Раскрутилась пружина, угрожающе взвыла, рискуя вырваться их своего гнезда, но аккуратно поймала нужный момент-мотив, чтобы также аккуратно свернув метафоры-кольца, улечься не раненым удавом, но безжалостно-мудрым змием. Как же безжалостным? – спросит неуспокоенный читатель, – если всё вернулось на круги своя и, главное, слово осталось словом, первопричиной и первоосновой.  В том-то и безжалостность, неуспокоенный мой, что мы с тобой осознали это, но река жизни швыряет нас, как щепки, от этого понимания, перебрасывает от порога к порогу бытия, не уцепиться…
«тонкие грани чудачеств
мира и небытия
неразрешимой задачей
стали для хрупкого «я».
сгустками предубеждений,
стереотипами масс,
нас вылепляли из мнений,
не подминая под нас.»
И как ни смешно от щекотки бурунчиков своих же прегрешений, с надеждой оглядывается на могучий утёс–слово падший ангел, а вдруг оттянет, как магнит, от стремнины, высушит ветерком тонкие стрекозьи крылья… Взлетит?

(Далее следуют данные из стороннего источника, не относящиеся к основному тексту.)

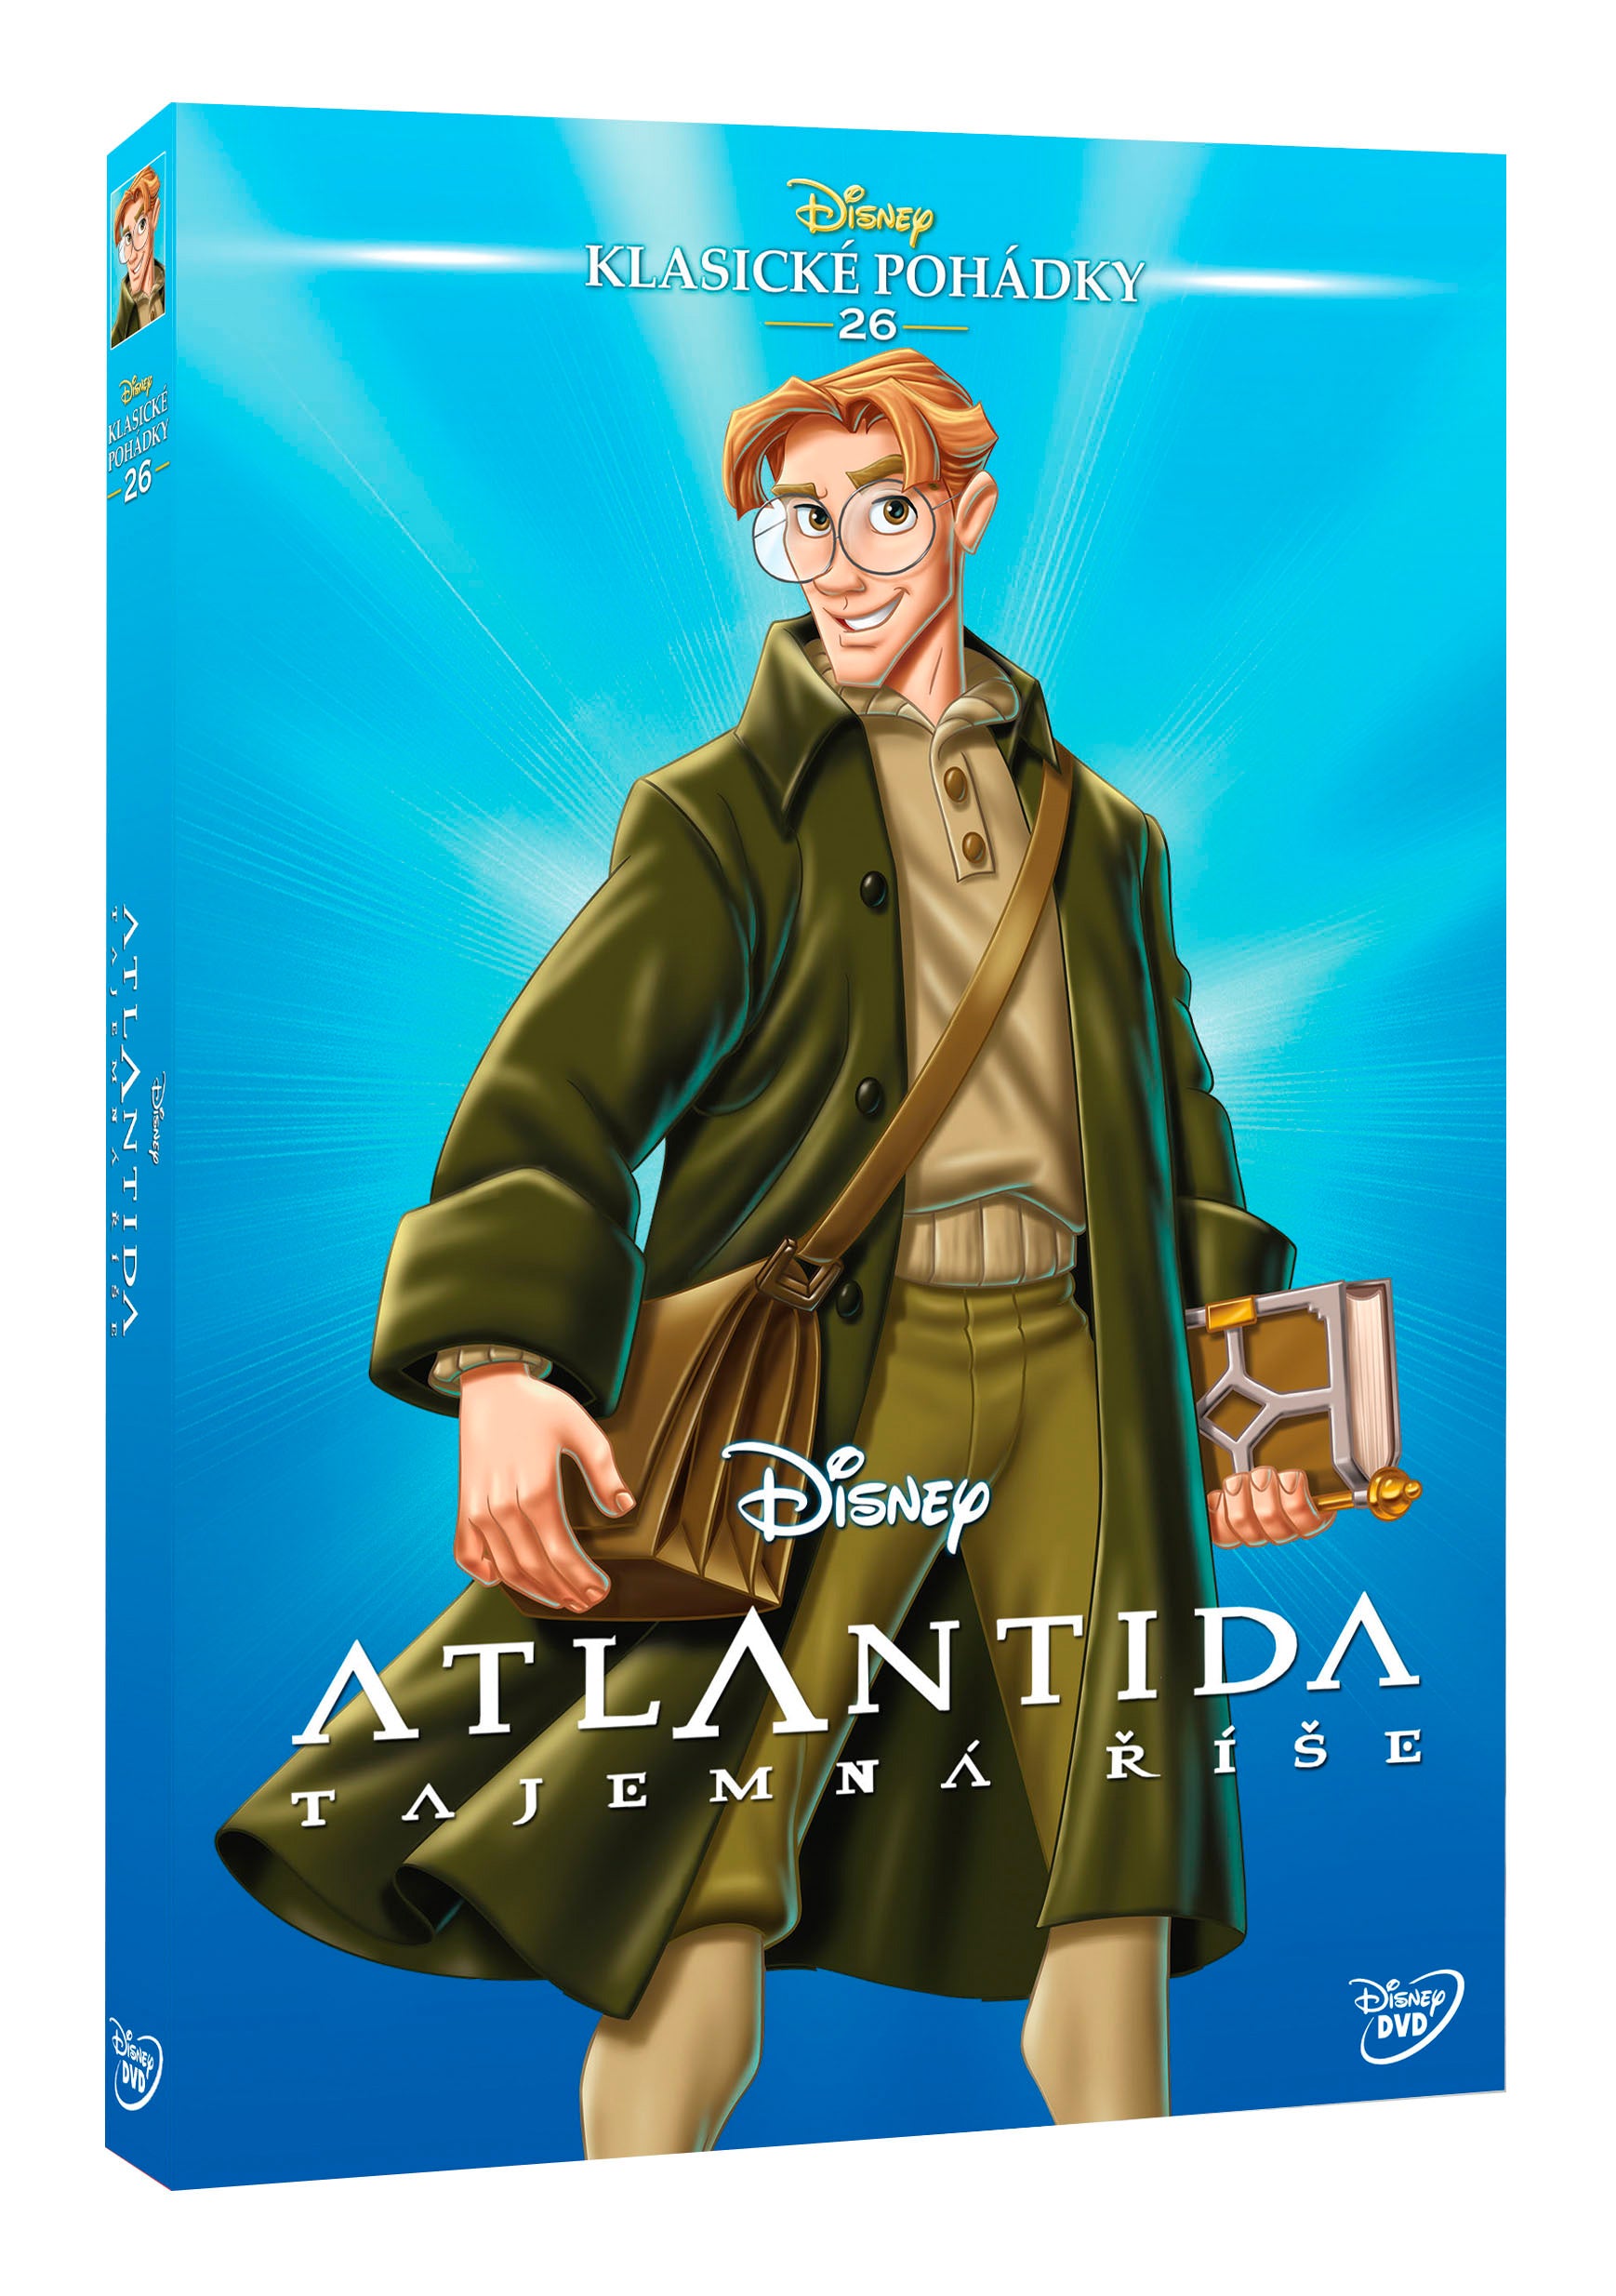 Atlantida: Tajemna rise - Edice Disney klasicke pohadky c.26 (Atlantis: The Lost Empire)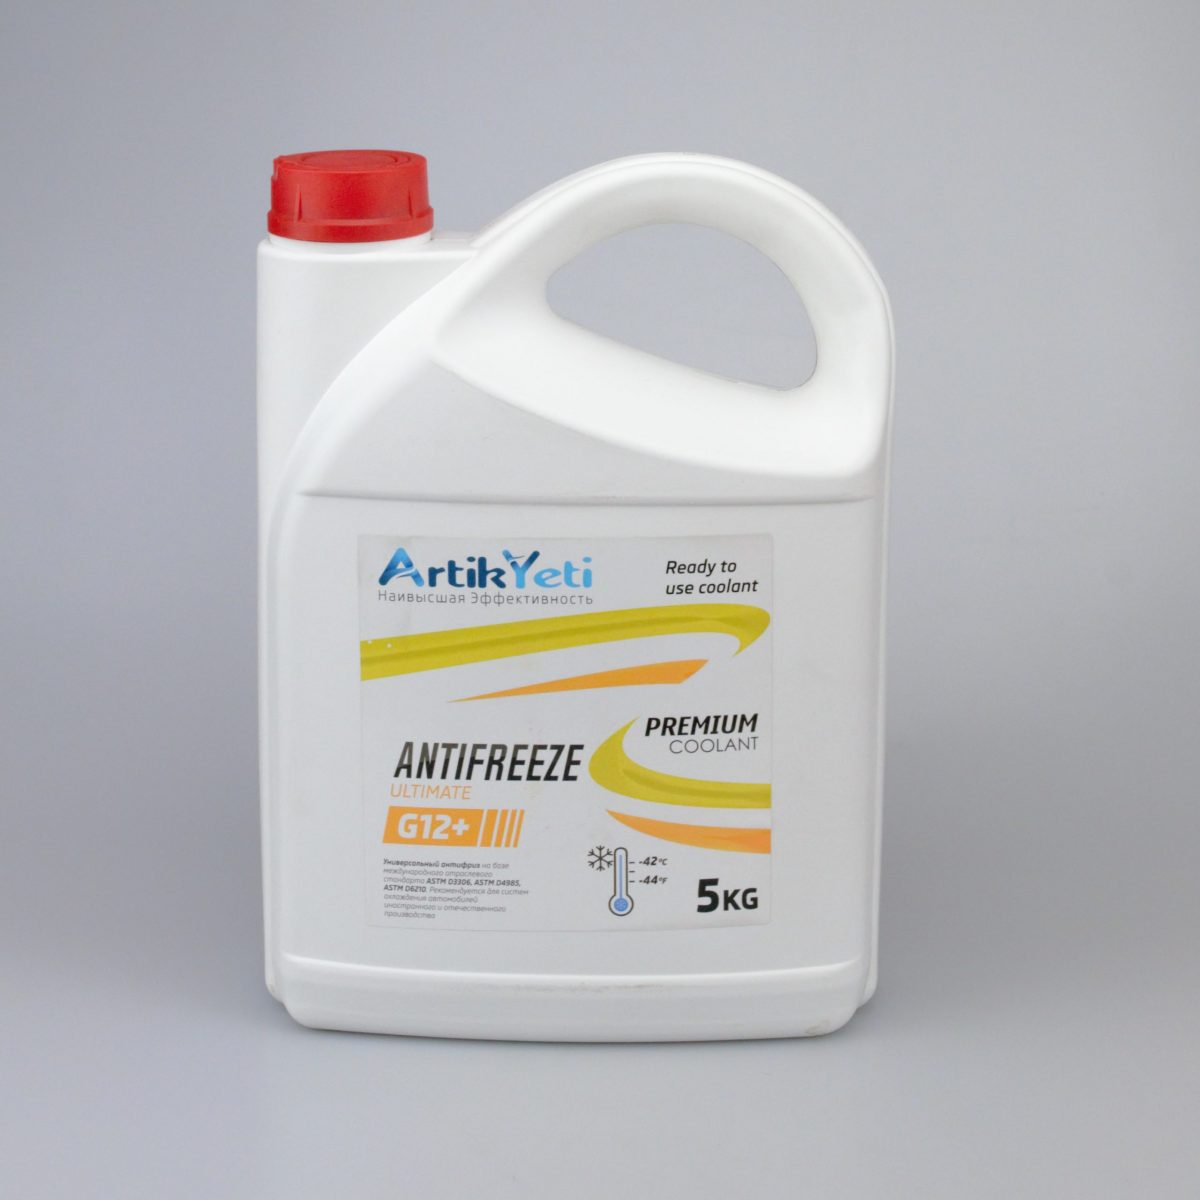 Стоимость антифриза - ArtikYeti Antifreeze Ultimate G12+ желтый 5кг

«На стихире осталось много друзей. Хороших, добрых. Хочется всем писать, буду стараться. Но только письма. Стихи не хочу больше. Умерло. Еще раз впустила их в свою жизнь,
 и до хорошего это не довело. Потратить деньги на мешок дерьма, как срезюмировал мой друг.» ( запись из дневника)
Раиса Ляшок ушла из поэзии на взлёте. «Так надо!» – говорит она, не берусь утверждать, что полагая, якобы в этом и заключается сермяжная правда. Но у неё есть своё дело жизни – церковь, прихожане… Нам ли, смертным, судить-рядить, что есть истина?